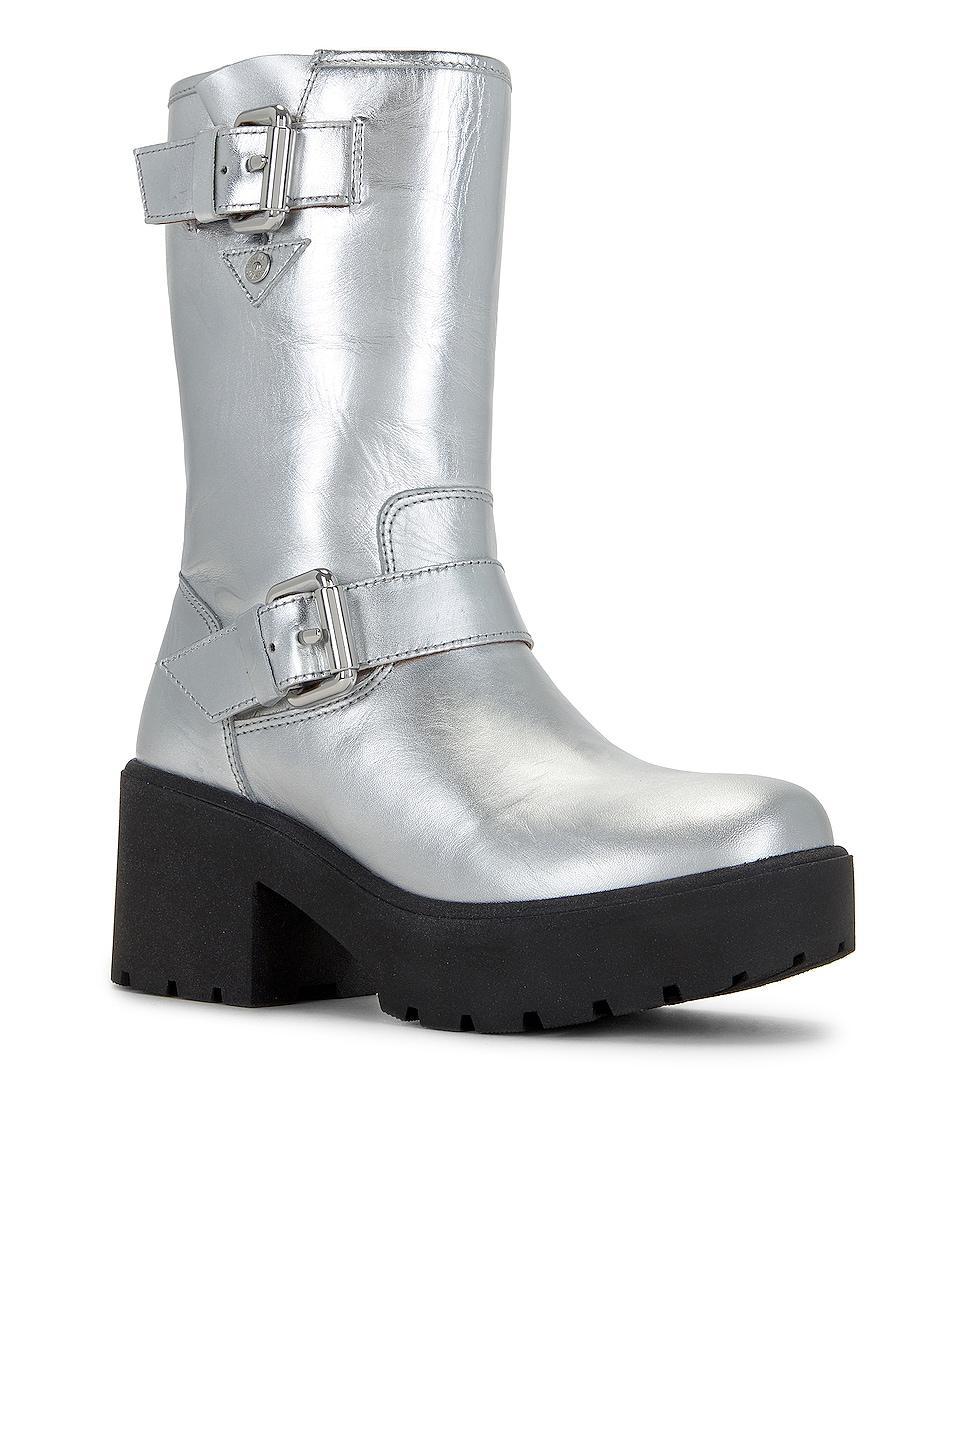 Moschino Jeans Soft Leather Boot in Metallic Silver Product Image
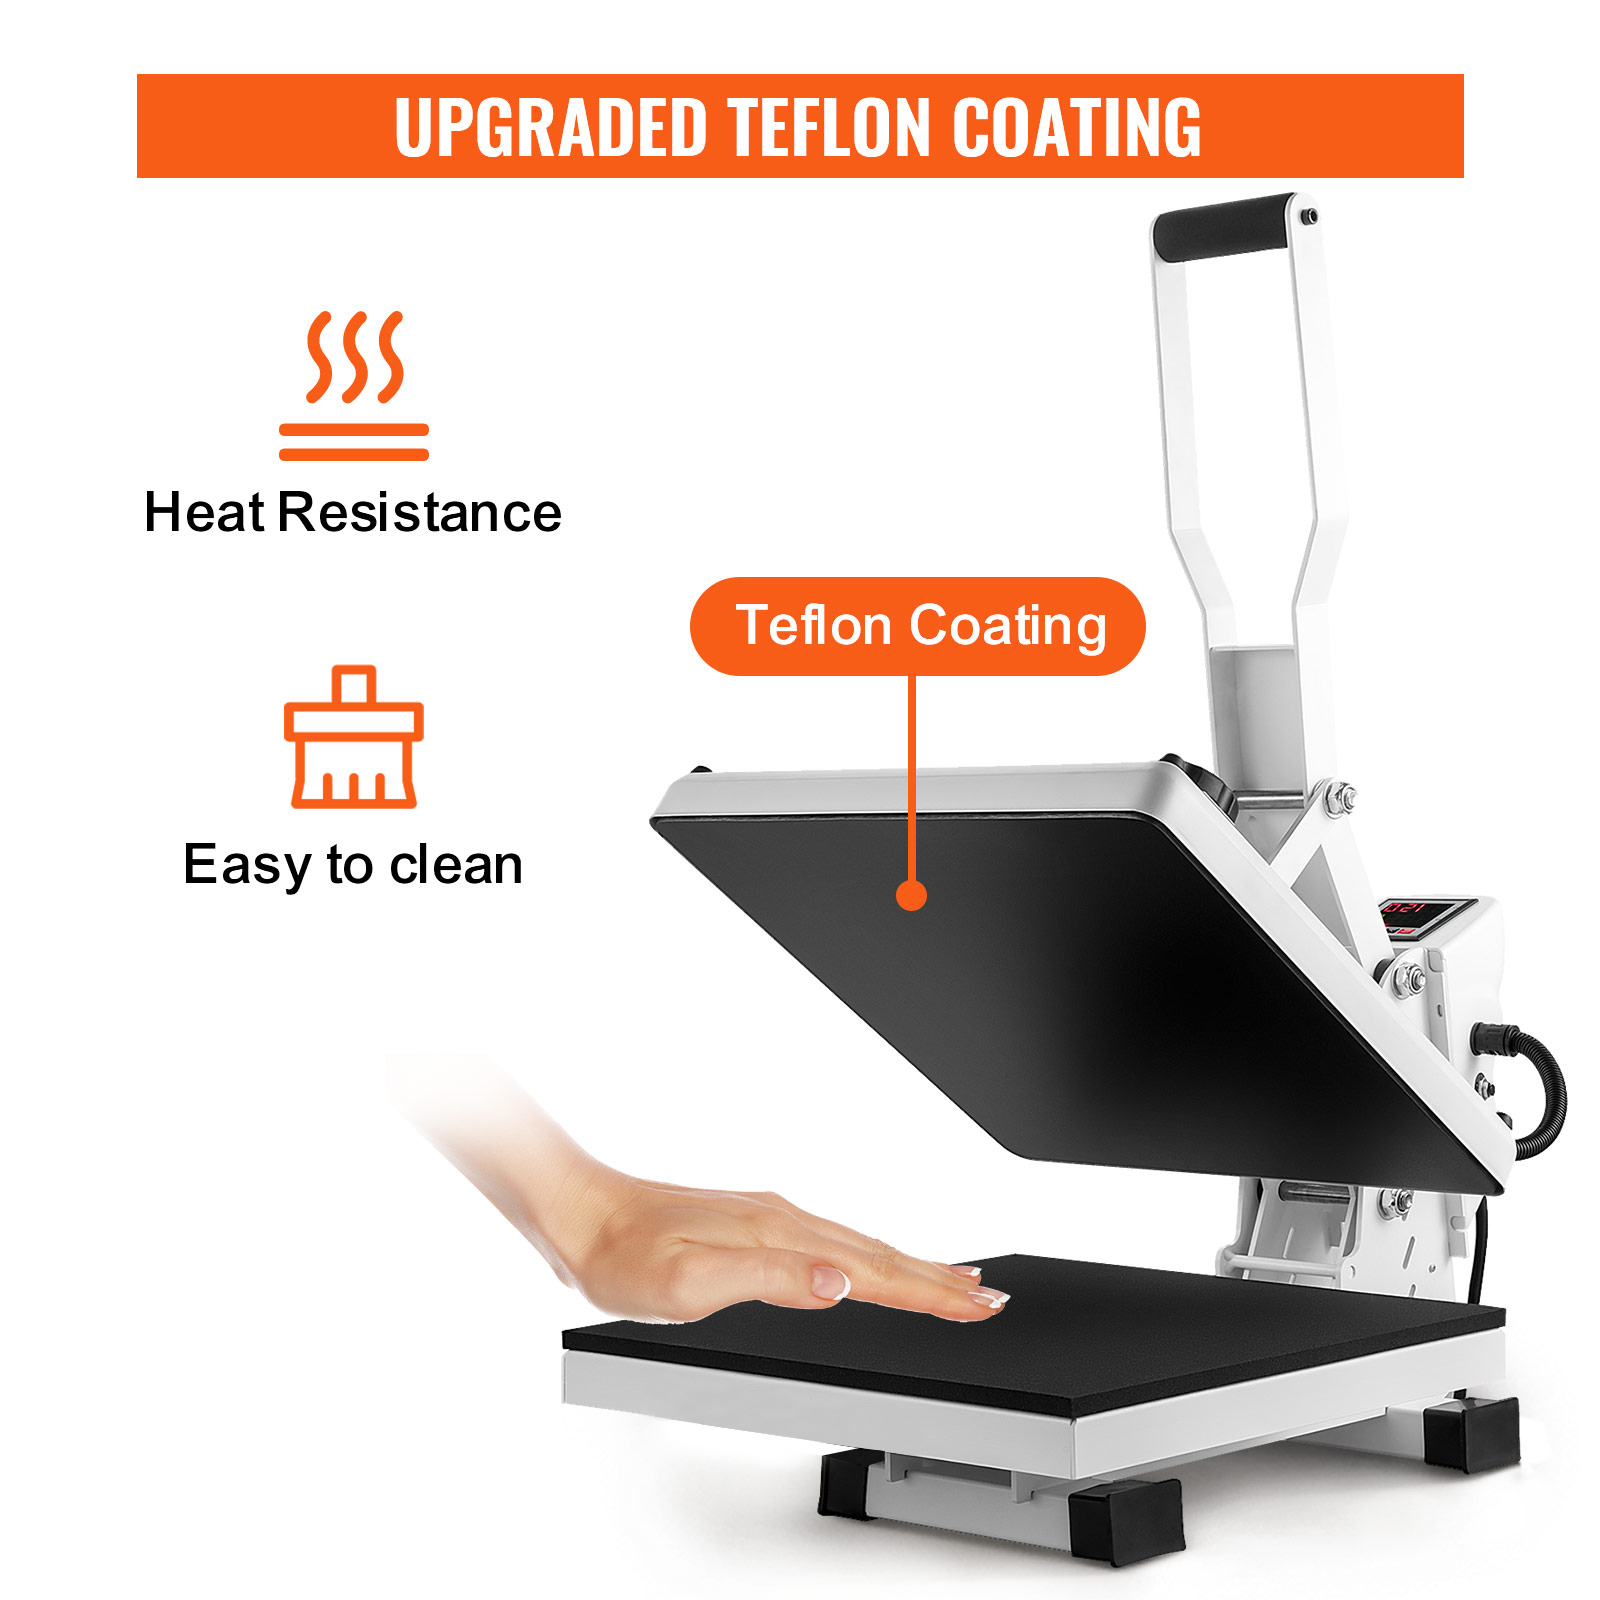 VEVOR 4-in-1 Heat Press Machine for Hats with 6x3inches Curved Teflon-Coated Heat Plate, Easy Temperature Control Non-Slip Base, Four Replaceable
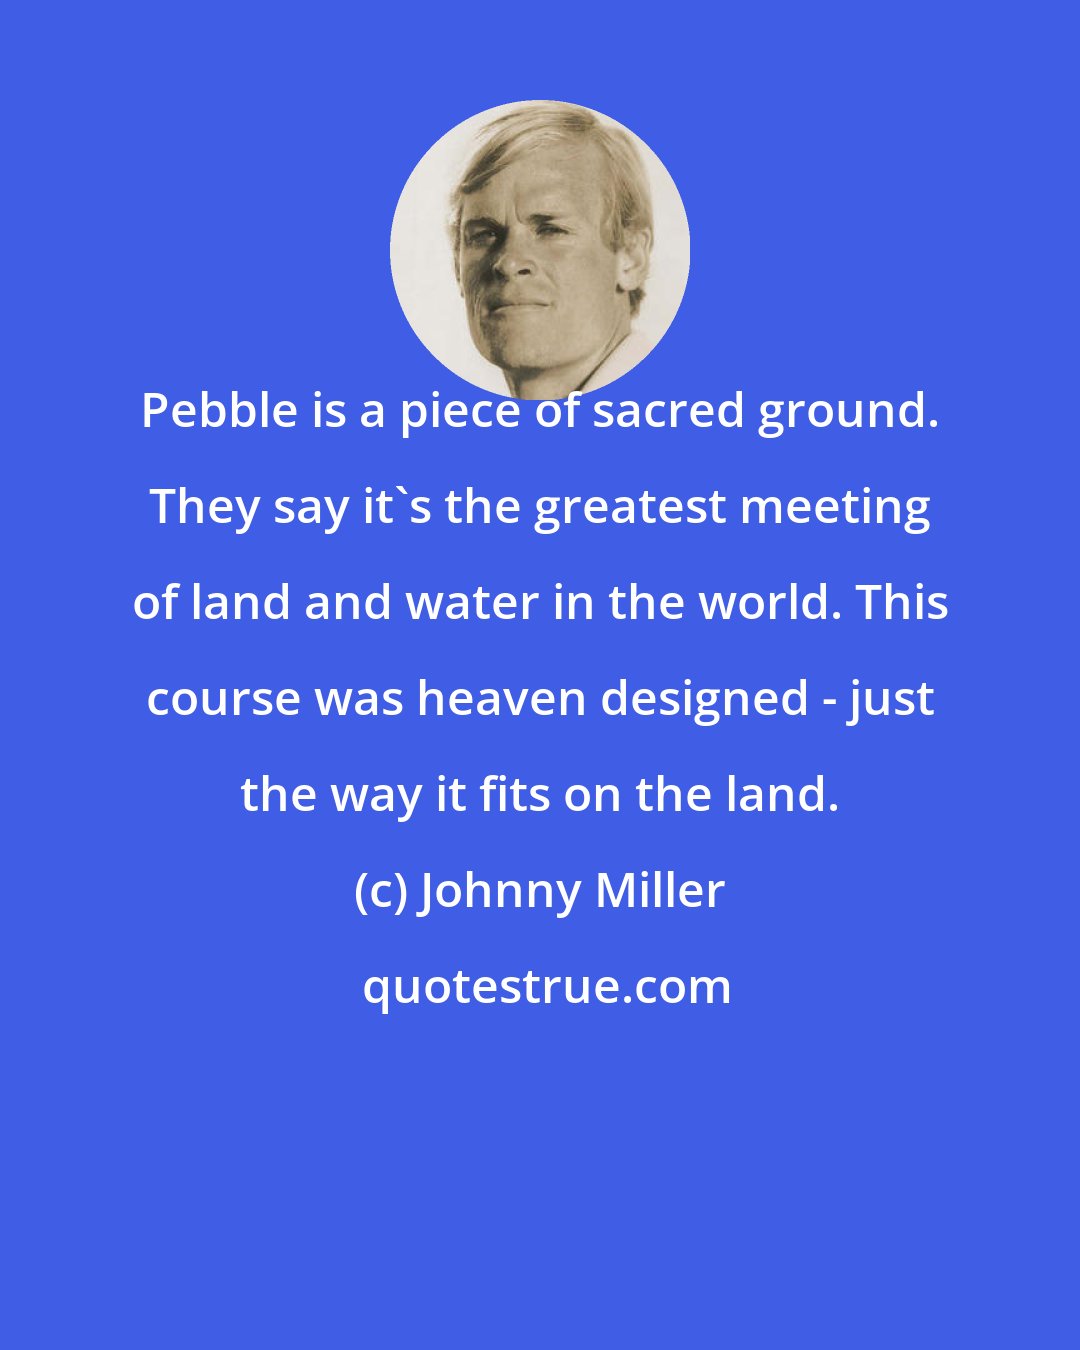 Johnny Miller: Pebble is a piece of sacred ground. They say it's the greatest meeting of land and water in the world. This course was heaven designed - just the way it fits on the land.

About this exercise » Each line from the one with "VEVOR 4-in-1 Heat" to the last line of the listing should be returned exactly, both ends included, and no picture with them.

Response area »
 VEVOR 4-in-1 Heat Press Machine for Hats with 6x3inches Curved Teflon-Coated Heat Plate, Easy Temperature Control Non-Slip Base, Four Replaceable
 Johnny Miller: Pebble is a piece of sacred ground. They say it's the greatest meeting of land and water in the world. This course was heaven designed - just the way it fits on the land.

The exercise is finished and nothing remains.